> **PROVIDED DATA**
*-*-*

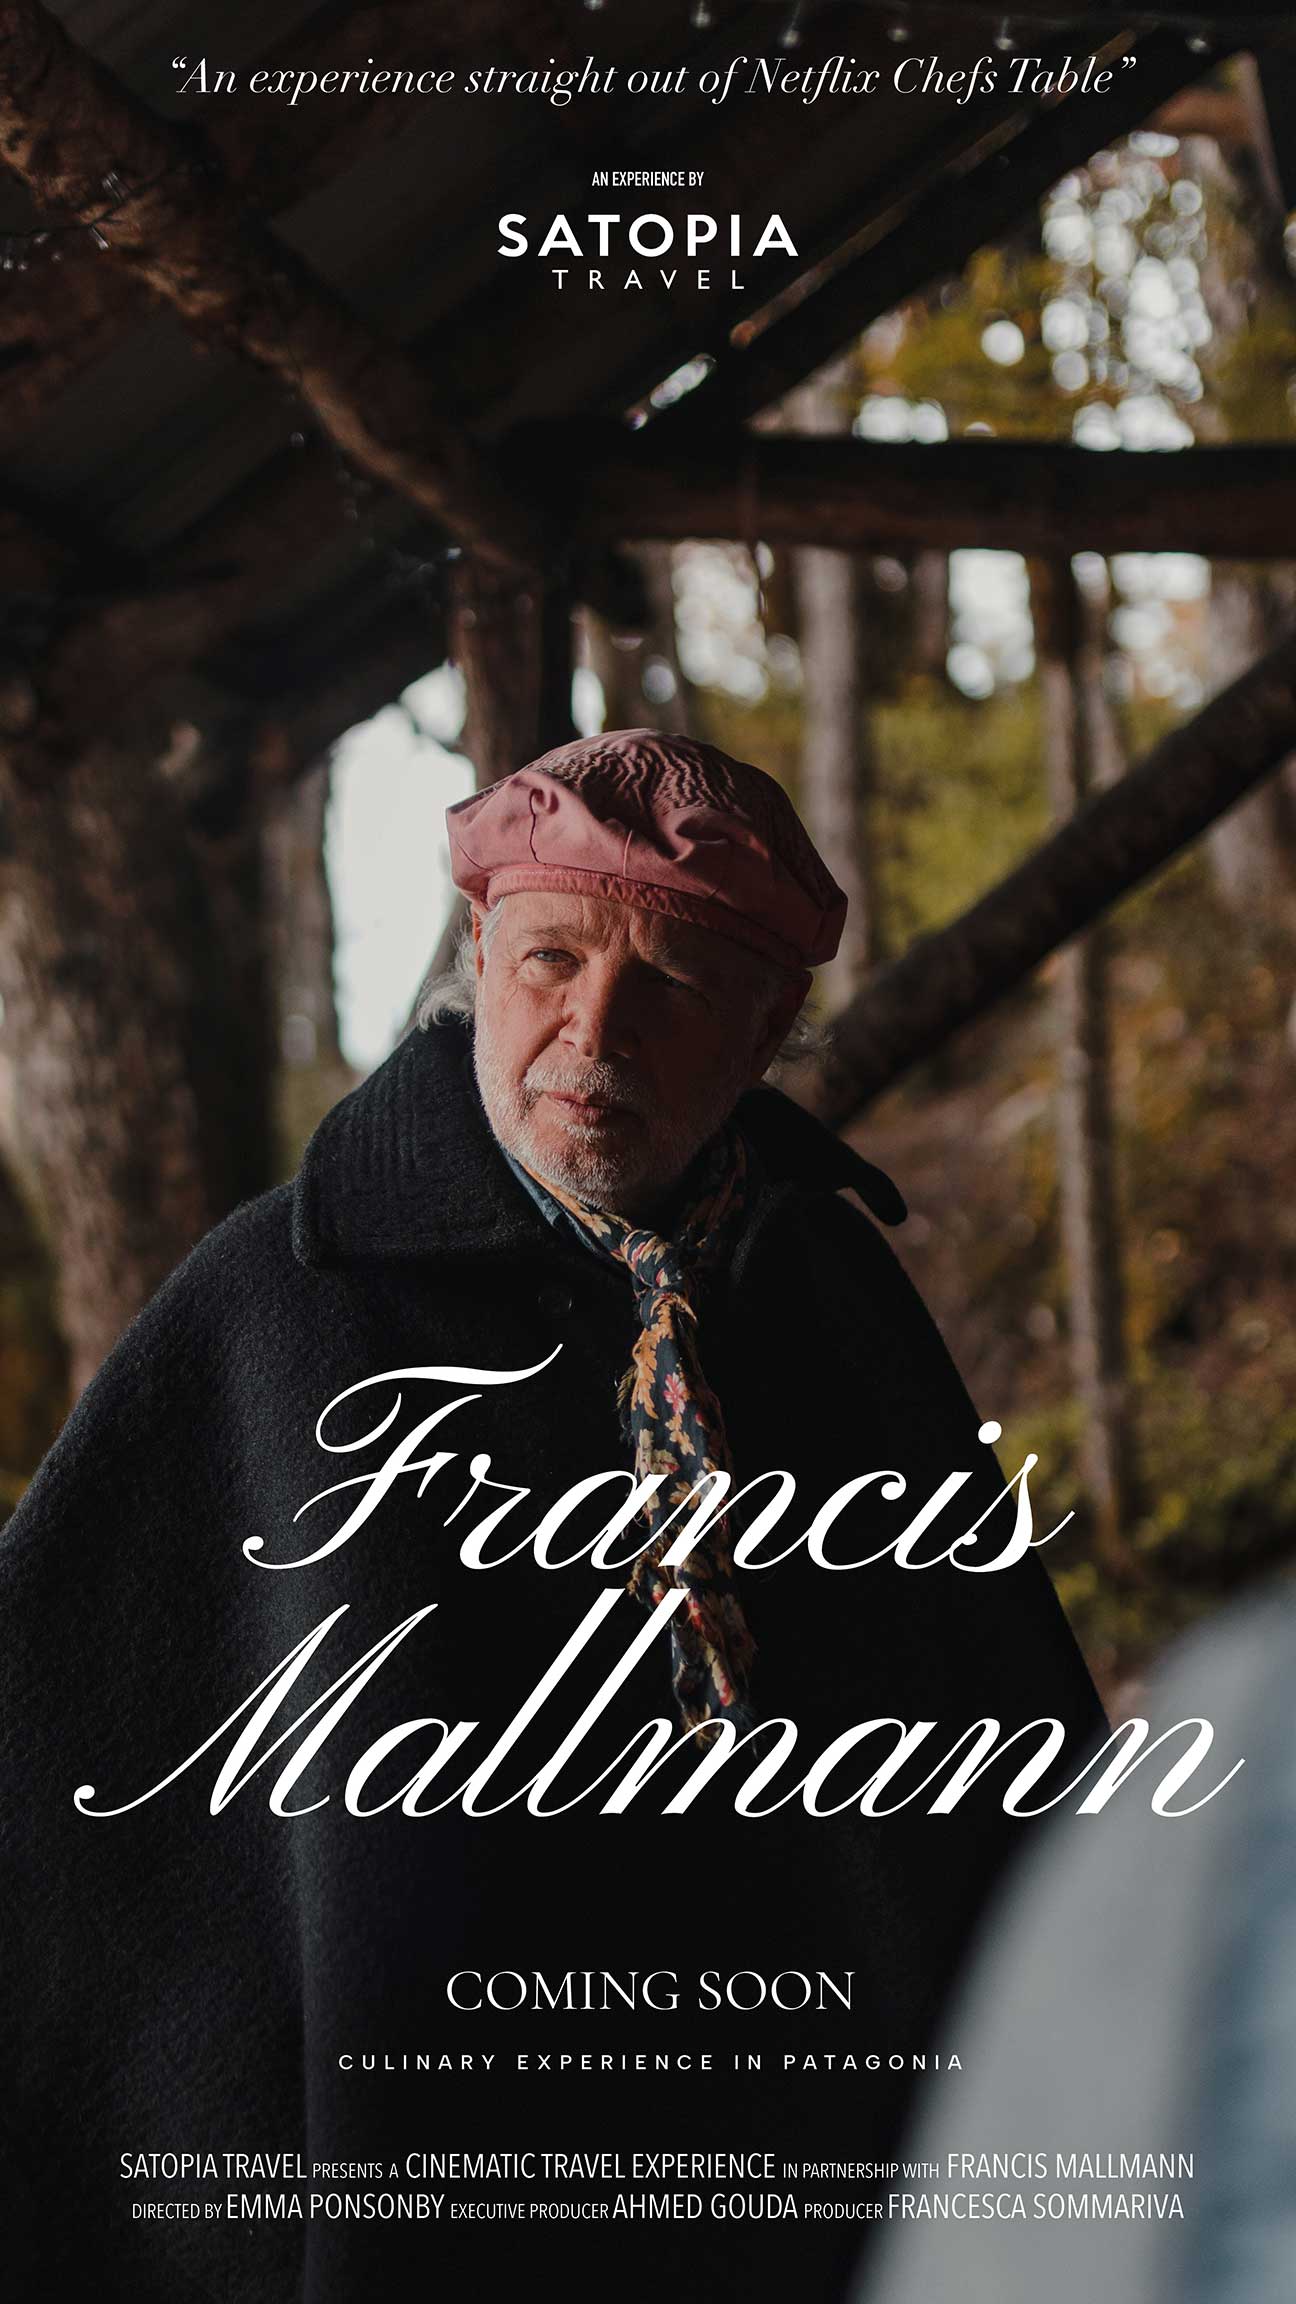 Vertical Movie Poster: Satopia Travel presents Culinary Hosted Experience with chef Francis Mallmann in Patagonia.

*-*-*

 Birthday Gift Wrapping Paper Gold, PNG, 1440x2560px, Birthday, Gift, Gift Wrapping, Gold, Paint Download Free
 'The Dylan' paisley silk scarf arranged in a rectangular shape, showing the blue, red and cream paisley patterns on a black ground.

*-*-*

> **WHAT NEEDS TO BE DONE**
All lines above from the one with "Birthday Gift Wrapping" to the one with "a black ground.", inclusive, should be copied exactly, and no other lines.

> **WRITTEN RESPONSE**
 Birthday Gift Wrapping Paper Gold, PNG, 1440x2560px, Birthday, Gift, Gift Wrapping, Gold, Paint Download Free
 'The Dylan' paisley silk scarf arranged in a rectangular shape, showing the blue, red and cream paisley patterns on a black ground.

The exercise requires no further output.